Subdivision 3 of section 165.05 of the New York Penal Law provides: "§ 165.05 Unauthorized use of a vehicle. A person is guilty of unauthorized use of a vehicle when: * * *
”3. Having custody of a vehicle pursuant to an agreement with the owner thereof whereby such vehicle is to be returned to the owner at a specified time, he intentionally retains or withholds possession thereof, without the consent of the owner, for so lengthy a period beyond the specified time as to render such retention or possession a gross deviation from the agreement.”
The courts in ruling on this section of the Penal Law, which was previously section 1293-a of the Penal Law, have held that a failure by a lessee of a car to return it to the commercial renter-lessor at the time stipulated is not a violation of the Penal Law; that at least in the absence of a demand by the owner and refusal by the lessee to deliver, the original renting and retention does not become a crime by the lapse of time. In these circumstances there is merely a breach of contract. (People v Alaboda, 198 App Div 41; People v Johnson, 71 Misc 2d 423; People v Greenfield, 40 Misc 2d 704.)
Thus, all that may have occurred is a mere breach of contract, and in considering the facts of this case, a breach of contract may even be questionable, especially since Econo-Car failed to produce records which would show whether or not Mr. Van Landingham ever made subsequent payment covering the remaining period in which he had the rental auto in his possession.
Further, based upon the established practice by Econo-Car in this instance of a retroactive renewal of the leasing agreement, Econo-Car knew or should have known that the lessee would continue to operate the leased vehicle even though his payments might be in arrears. The court finds that there is no convincing evidence that the leased vehicle had been either converted or stolen.
Furthermore, the public policy of this State would not condone a practice where a self-insured car rental company would be permitted to allow a leased vehicle to operate on the roadways of the State of New York without maintaining the financial responsibility requirements. Therefore, in the event that Econo-Car desired to terminate the questionable renewal leasing arrangements with the lessee, it was then under a duty to other motorists to diligently take the proper steps to remove the vehicle from the roadways of New York, this they failed to do.
Therefore, the court finds as a matter of fact that the driver was operating the car with the actual permission of the lessee, and as a matter of law with the constructive consent of the lessor and with the permission envisioned by the financial responsibility provision of section 388 of the Vehicle and Traffic Law.
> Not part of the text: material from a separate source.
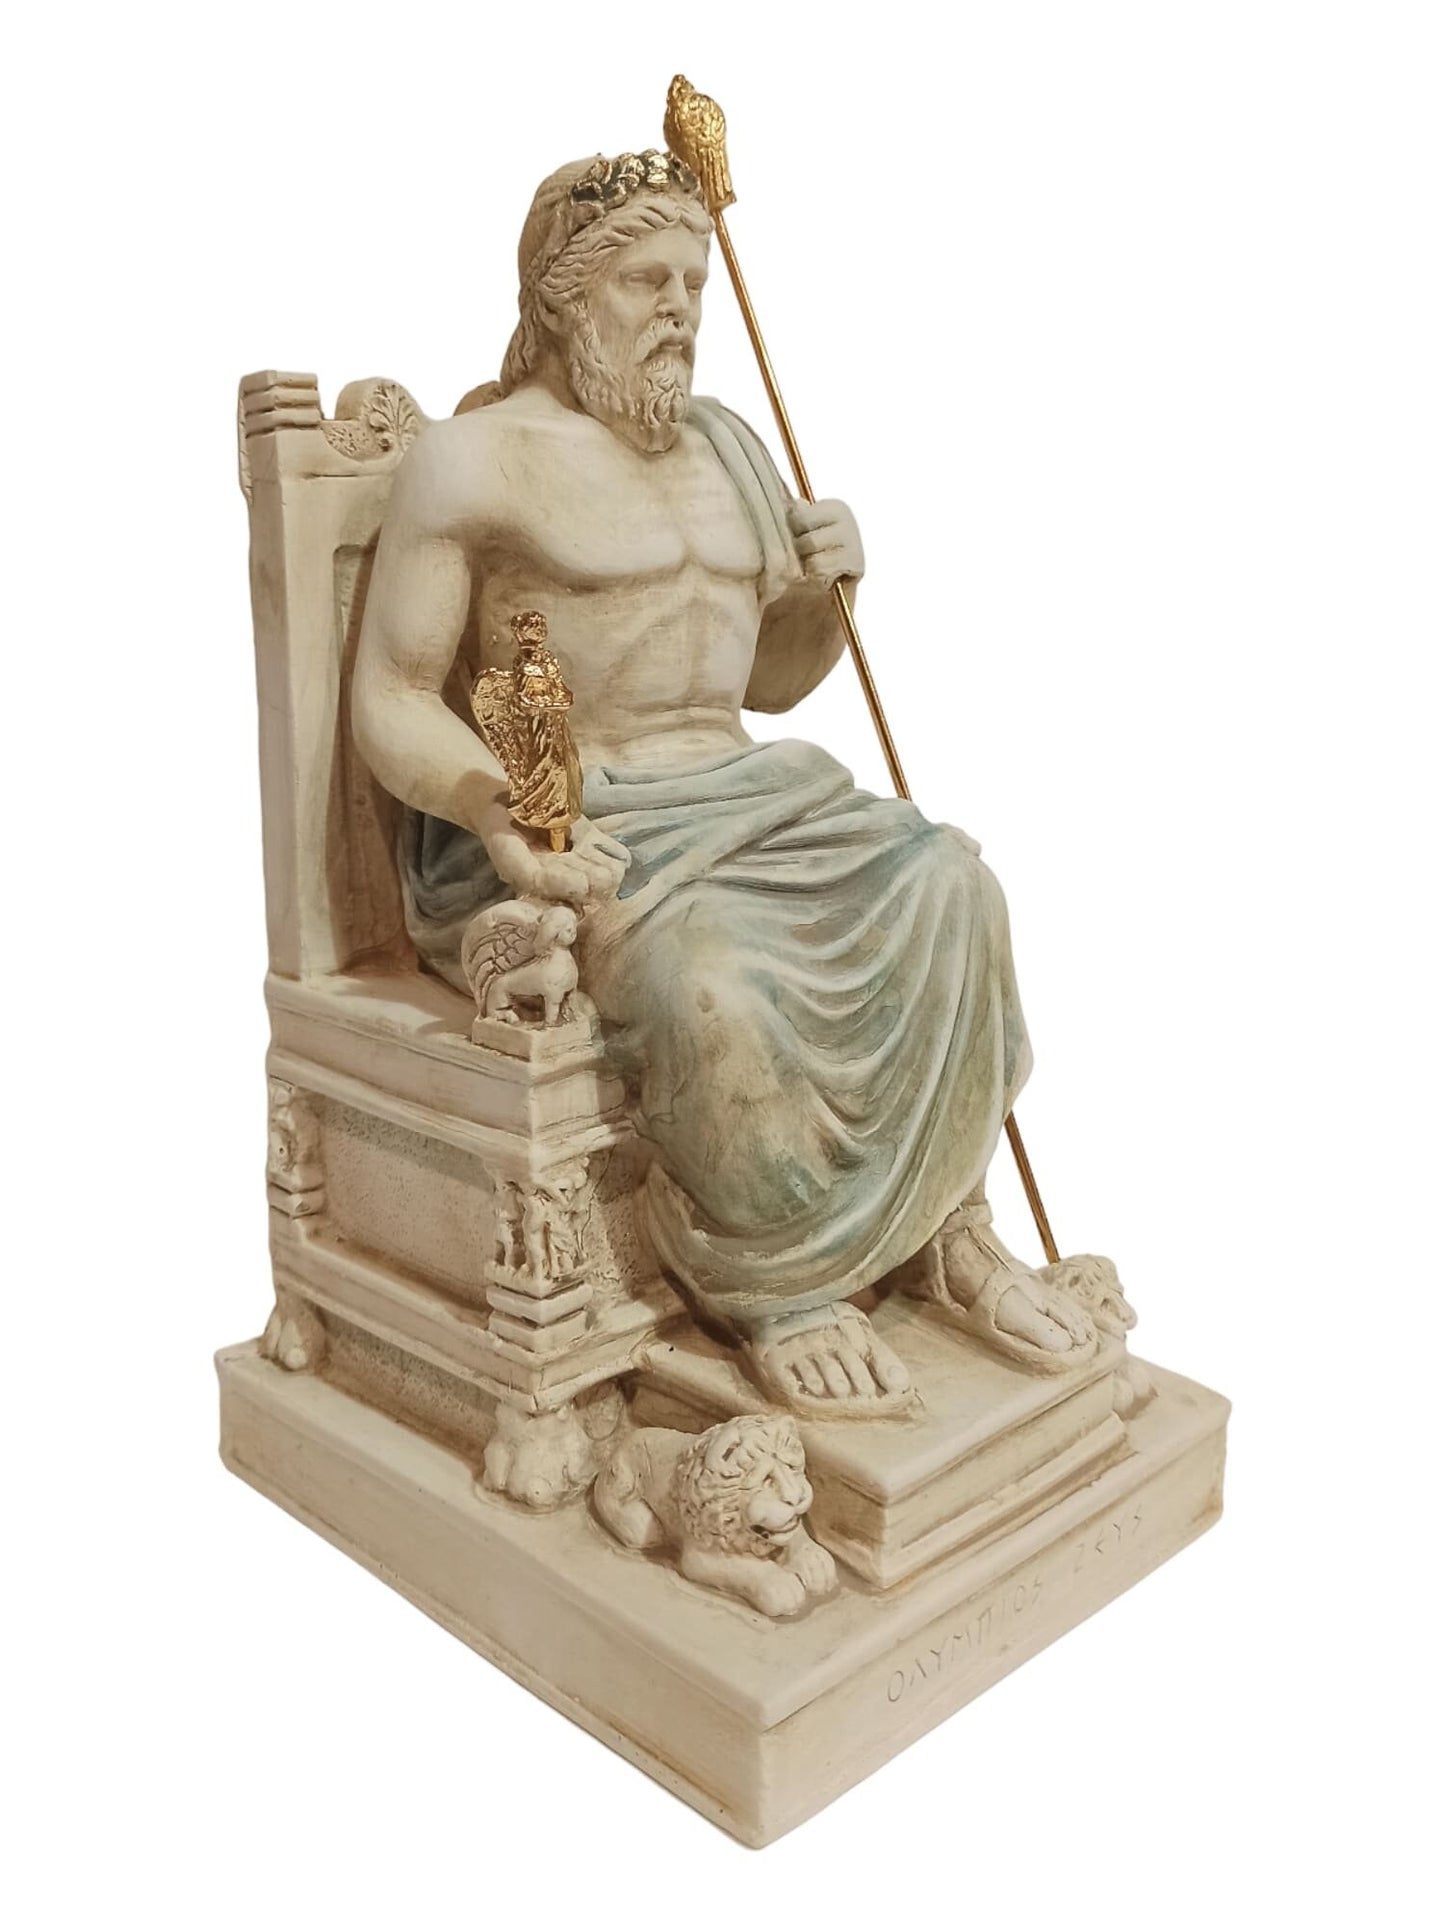 Zeus Jupiter - Greek Roman God of the Sky, Law and Order, Destiny and Fate - King of the Gods of Mount Olympus - Casting Stone

The court finds that the facts and governing law do not support the position of the respondent, Econo-Car International, a self-insurer, to disclaim insurance coverage, but rather they, as owners of the vehicle involved in the accident with' respondents, Morris Lazar, Jeffrey Lazar and Julius Ginsberg, are liable and responsible for the acts of the driver. Furthermore, the court finds that the petitioner, Banner Casualty Company, is entitled to a judgment staying the arbitration commenced by respondents, Morris Lazar, Jeffrey Lazar and Julius Ginsberg.